Task objective: Start at the line with "ils peuvent être" in the records below, stop at the line with "peut résister à", and return every line in that span exactly, the two end lines included.

Data under study:
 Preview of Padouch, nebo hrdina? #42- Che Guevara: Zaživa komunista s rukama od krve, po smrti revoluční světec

...

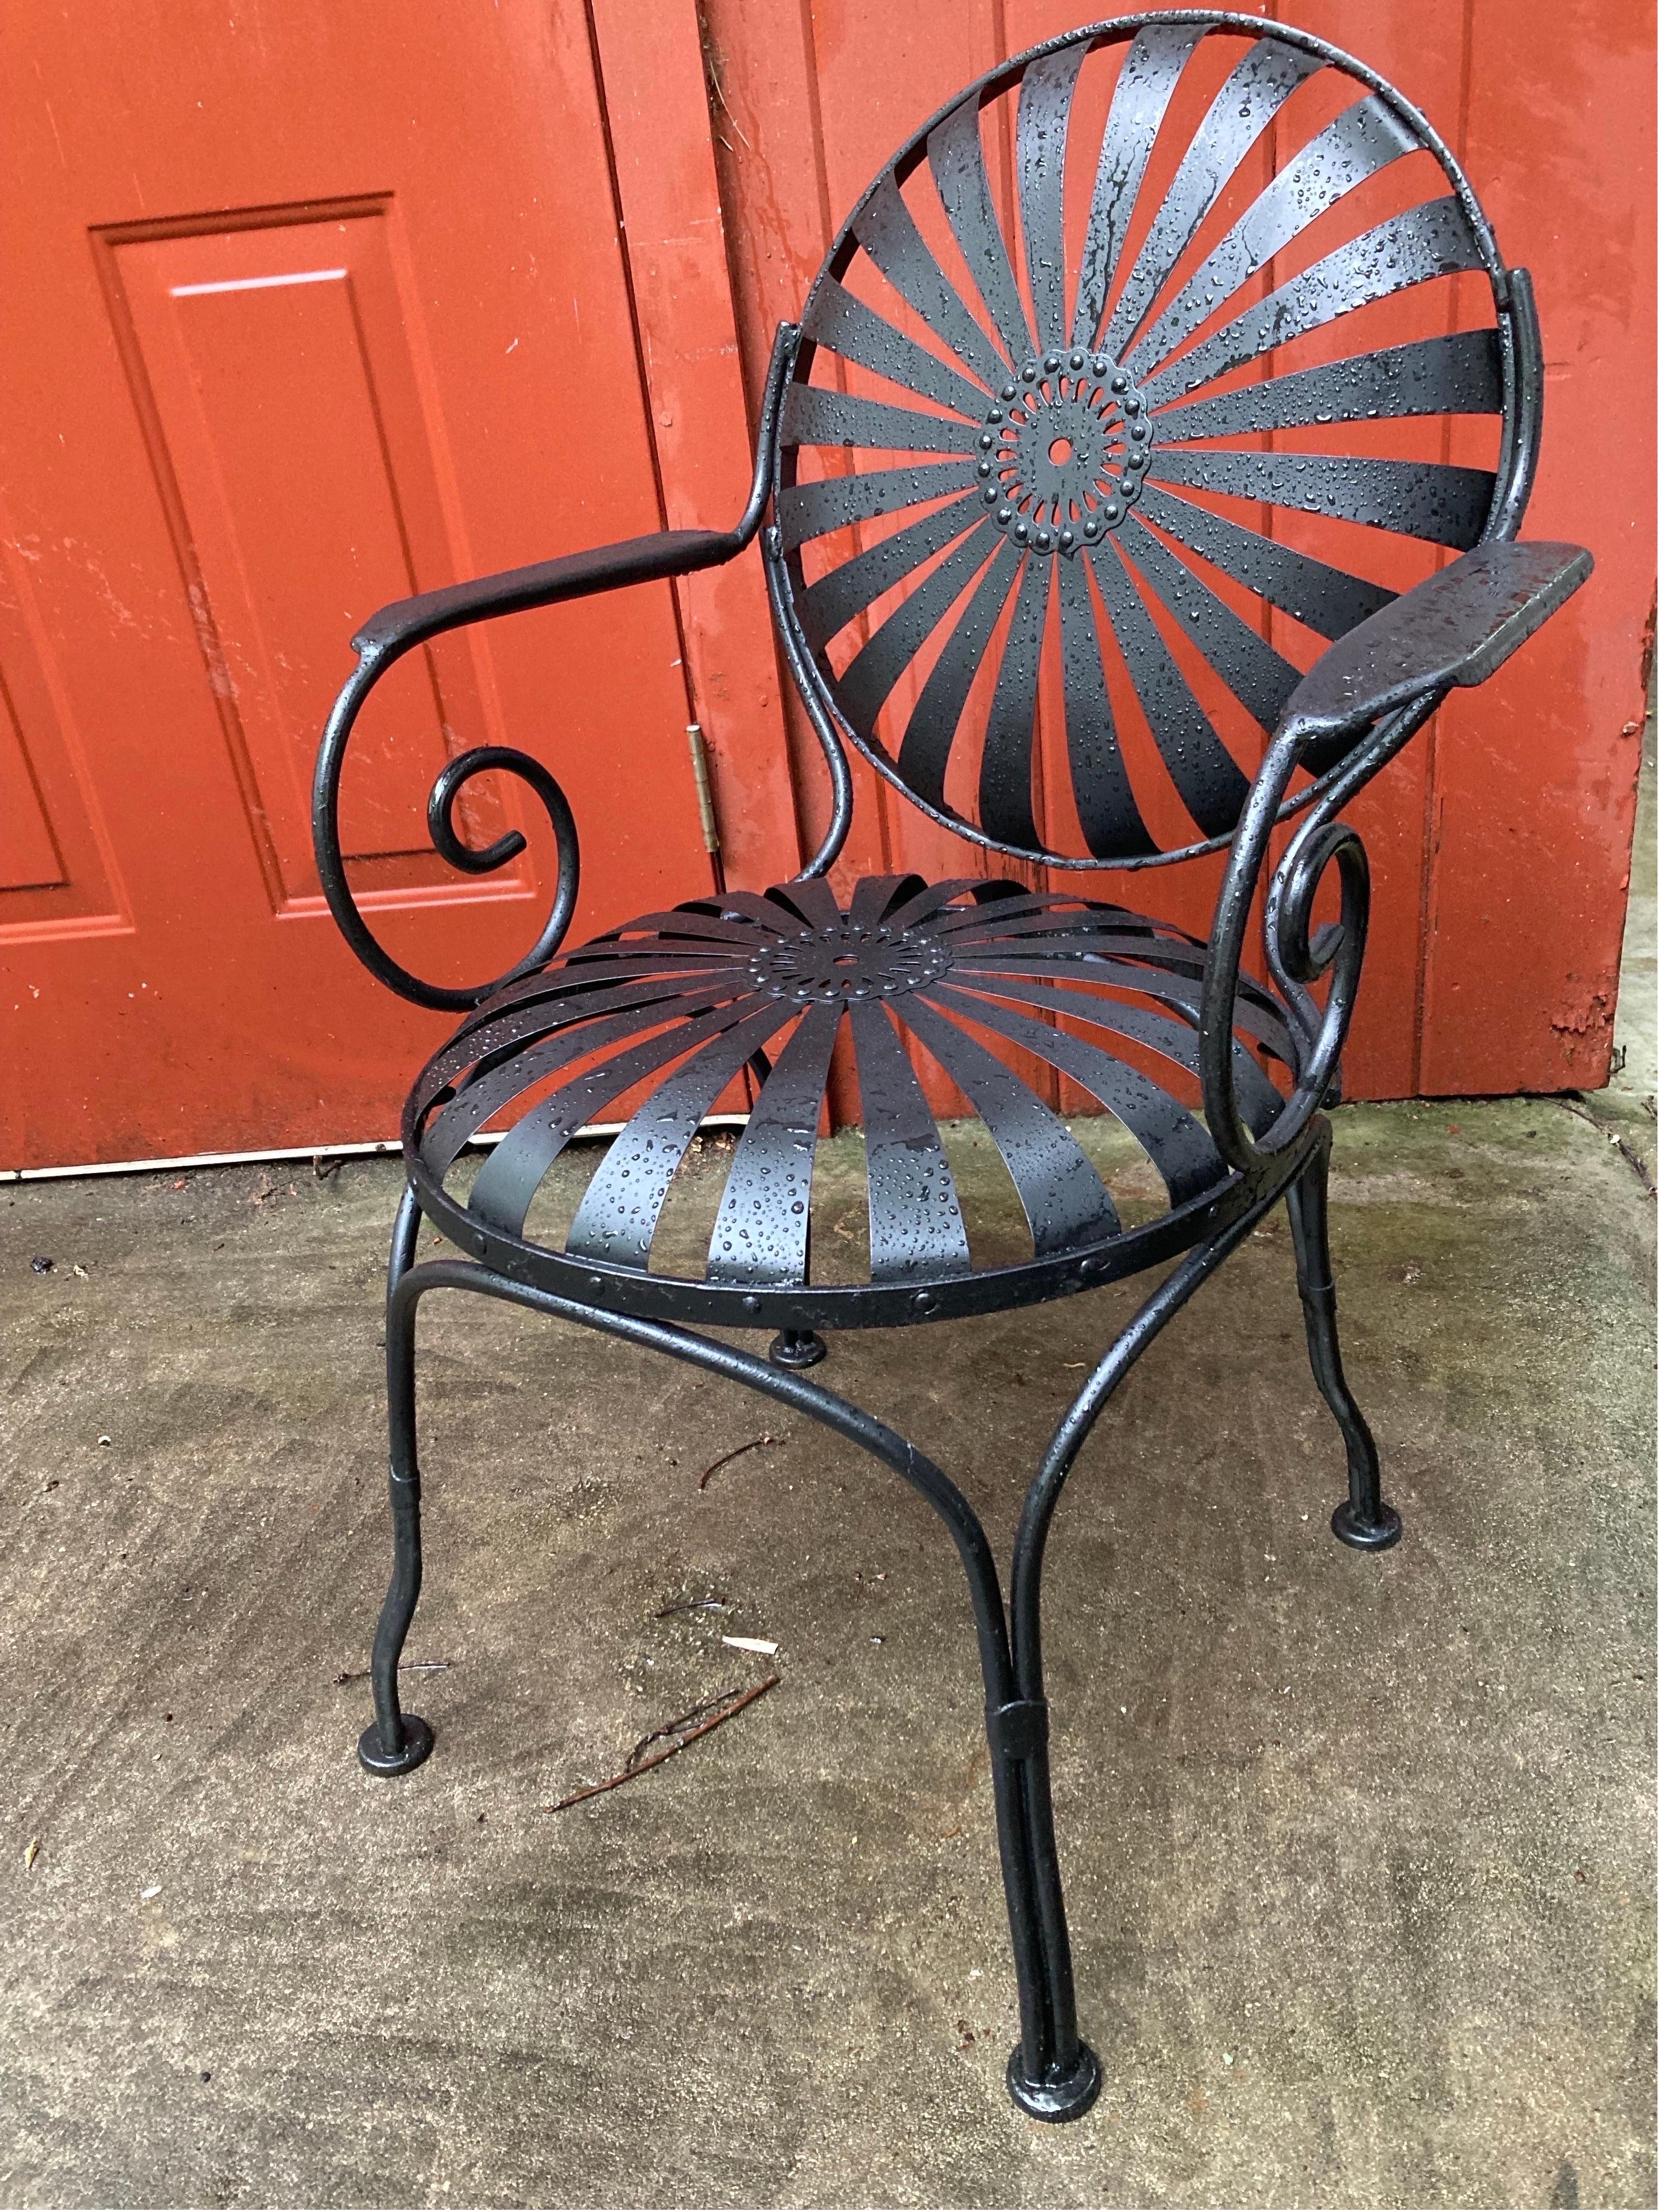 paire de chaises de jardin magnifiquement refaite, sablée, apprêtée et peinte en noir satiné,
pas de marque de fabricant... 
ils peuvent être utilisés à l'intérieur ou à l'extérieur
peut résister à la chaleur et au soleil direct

The answer:
ils peuvent être utilisés à l'intérieur ou à l'extérieur
peut résister à la chaleur et au soleil direct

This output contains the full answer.